Googelt man Vater Haarewaschen akzeptiert Homosexualität braucht Zeit wie viel Zeit, kommt aber auch wirklich gar nichts Brauchbares, das habe ich mehrmals getestet. Papas frisch schamponierte Akzeptanzbekundung hatte Bereitschaft für weitere Schritte vermittelt, aber seither war wieder über ein Jahr vergangen, insgesamt schon sieben seit meinem Outing. Ich wollte ja nicht ungeduldig sein oder ihn drängen, aber gleichzeitig wusste ich nicht mehr, wie lang mein Leben noch in ein sonst passte. In unseren mittlerweile fast regelmäßigen Telefonaten sprachen wir über die Arbeit – seine am Boot, meine an der Uni – und in erstaunlichem Detail übers Wetter, bis er irgendwann diese leidige Frage stellte: „Wie geht’s dir sonst so?“ „Gut“, antwortete ich jedes Mal.

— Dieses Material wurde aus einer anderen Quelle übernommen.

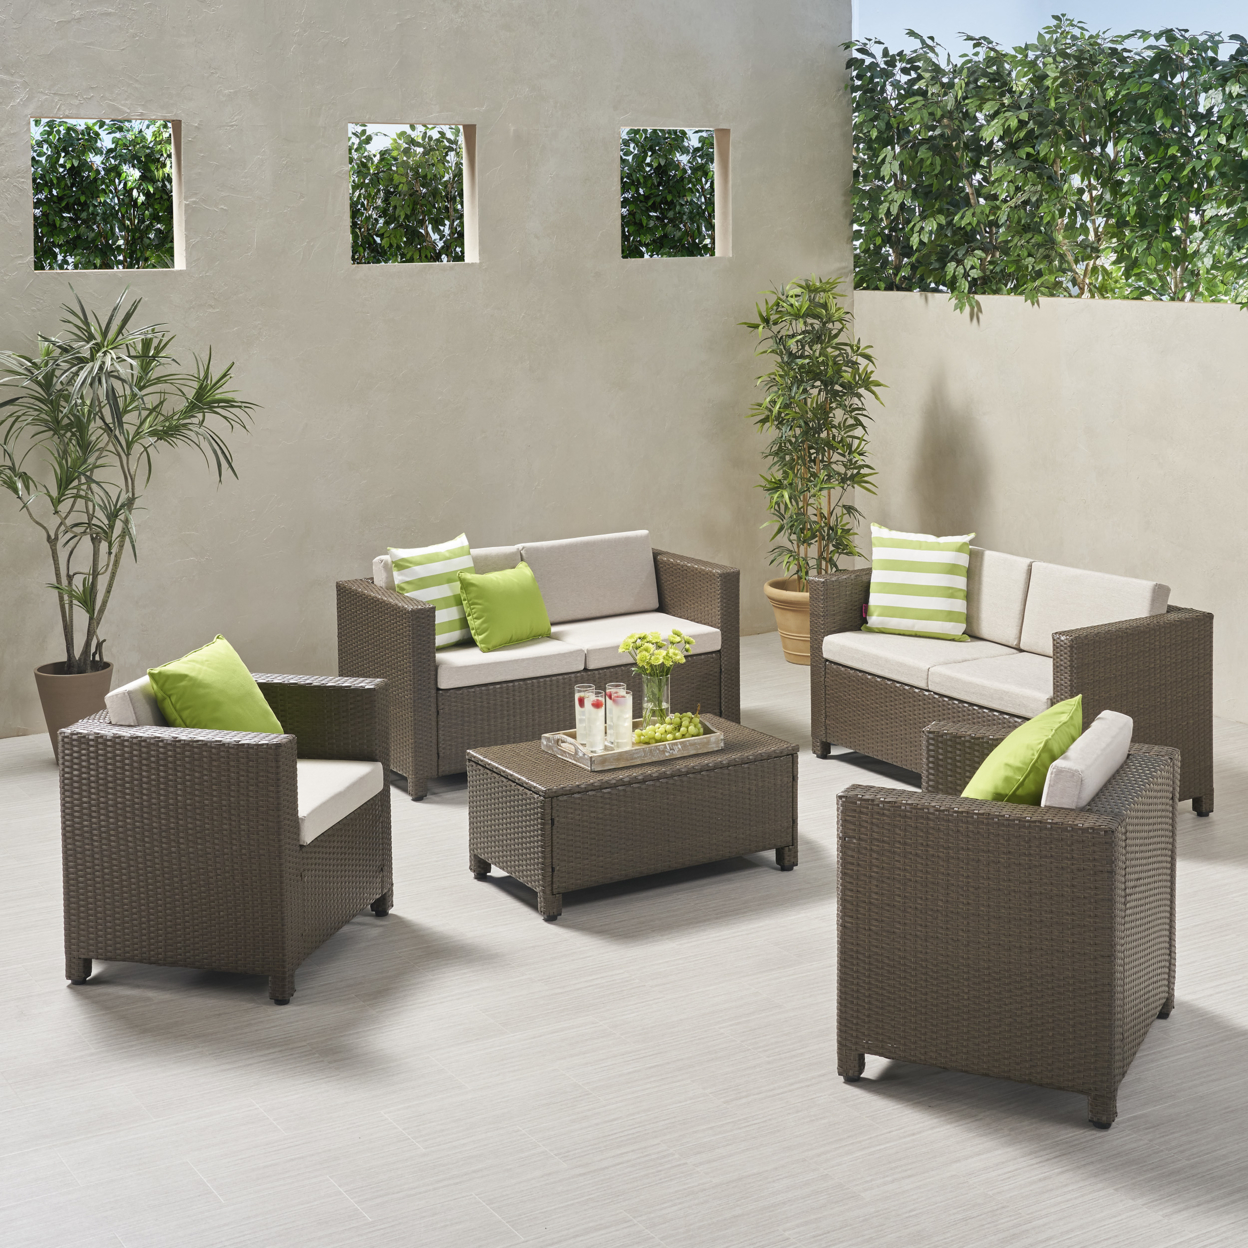 Doreen Outdoor 6 Seater Loveseat Chat Set With Cushions - Brown + Ceramic Gray

Durfte nicht expliziter werden, nicht in die Tiefe gehen; absurd, soeben hatten wir noch millimetergenau über Niederschlagsmengen diskutiert. Ich wollte sagen „Ich bin immer noch mit meinem Freund zusammen, ihm geht es gut, uns geht es gut, er würde dich gern kennenlernen“, aber das alles versteckte ich noch irgendwo in einer dunklen Ecke von „gut“, ich respektierte Papas Bedürfnis nach mehr Zeit. Na ja, bis jetzt zumindest.
Wieder einmal saßen wir auf der Veranda vorm Haus, die Grillen stimmten ihre Flügel für ein energisches Nachmittagskonzert. Ich präparierte meinen Laptop, sodass wir beide gute Sicht darauf hatten, und überprüfte, ob die griechischen Untertitel funktionierten. Love, Simon wollte ich Papa zeigen, einen süßen, harmlosen Coming-of-Age-Film über einen Teenager, der sich outet, und darüber, wie schwierig das sogar in einem toleranten Umfeld sein kann. Meine Lieblingsszene war die, in der sich Simon seiner Mutter anvertraut und sie sagt, dass er jetzt endlich ausatmen kann. Obwohl ich mich schon vor Jahren vor meinem Papa geoutet hatte, musste ich mich jetzt überwinden, auf Play zu drücken, und das, obwohl ich zur Sicherheit schon vage angedeutet hatte, was das für ein Film sein würde. Ich konnte weder ein- noch ausatmen, dabei wollte ich nichts sehnlicher.
Immer wieder lugte ich zu ihm rüber, um seine Reaktion einzufangen, wie ich das zugegebenermaßen immer tat, wenn ich Lieblingsmenschen meine Lieblingsfilme zeigte. Bei den lustigen Szenen lachte er laut, und generell wirkte er so untypisch entspannt. Einzig als Simons Papa unter Tränen zu seinem Sohn sagt „Ich würde nichts an dir ändern“, waren wir erstarrt und die Grillen lauter als je zuvor.
„Der Film hat mir gefallen! Aber warum wolltest du ihn mir zeigen? Ich habe dir doch schon gesagt, dass ich das an dir akzeptiere.“
Bevor ich antworten konnte, dass ich selbst nicht genau wusste, warum, wusste ich es plötzlich. „Ich kann nicht mehr warten. Ich bin glücklich und gesund, aber ich würde gern mehr mit dir teilen können, weil du mir wichtig bist. Dir zum Beispiel meinen Freund vorstellen. Ich werde aber nicht mehr fragen, ob oder wann du bereit bist. Du musst zu mir kommen,“ sagte ich, atmete sieben Jahre alte Luft aus … und stellte mir vor, wie mein Papa bald Schwuler Sohn Freund kennenlernen Hilfe googeln würde.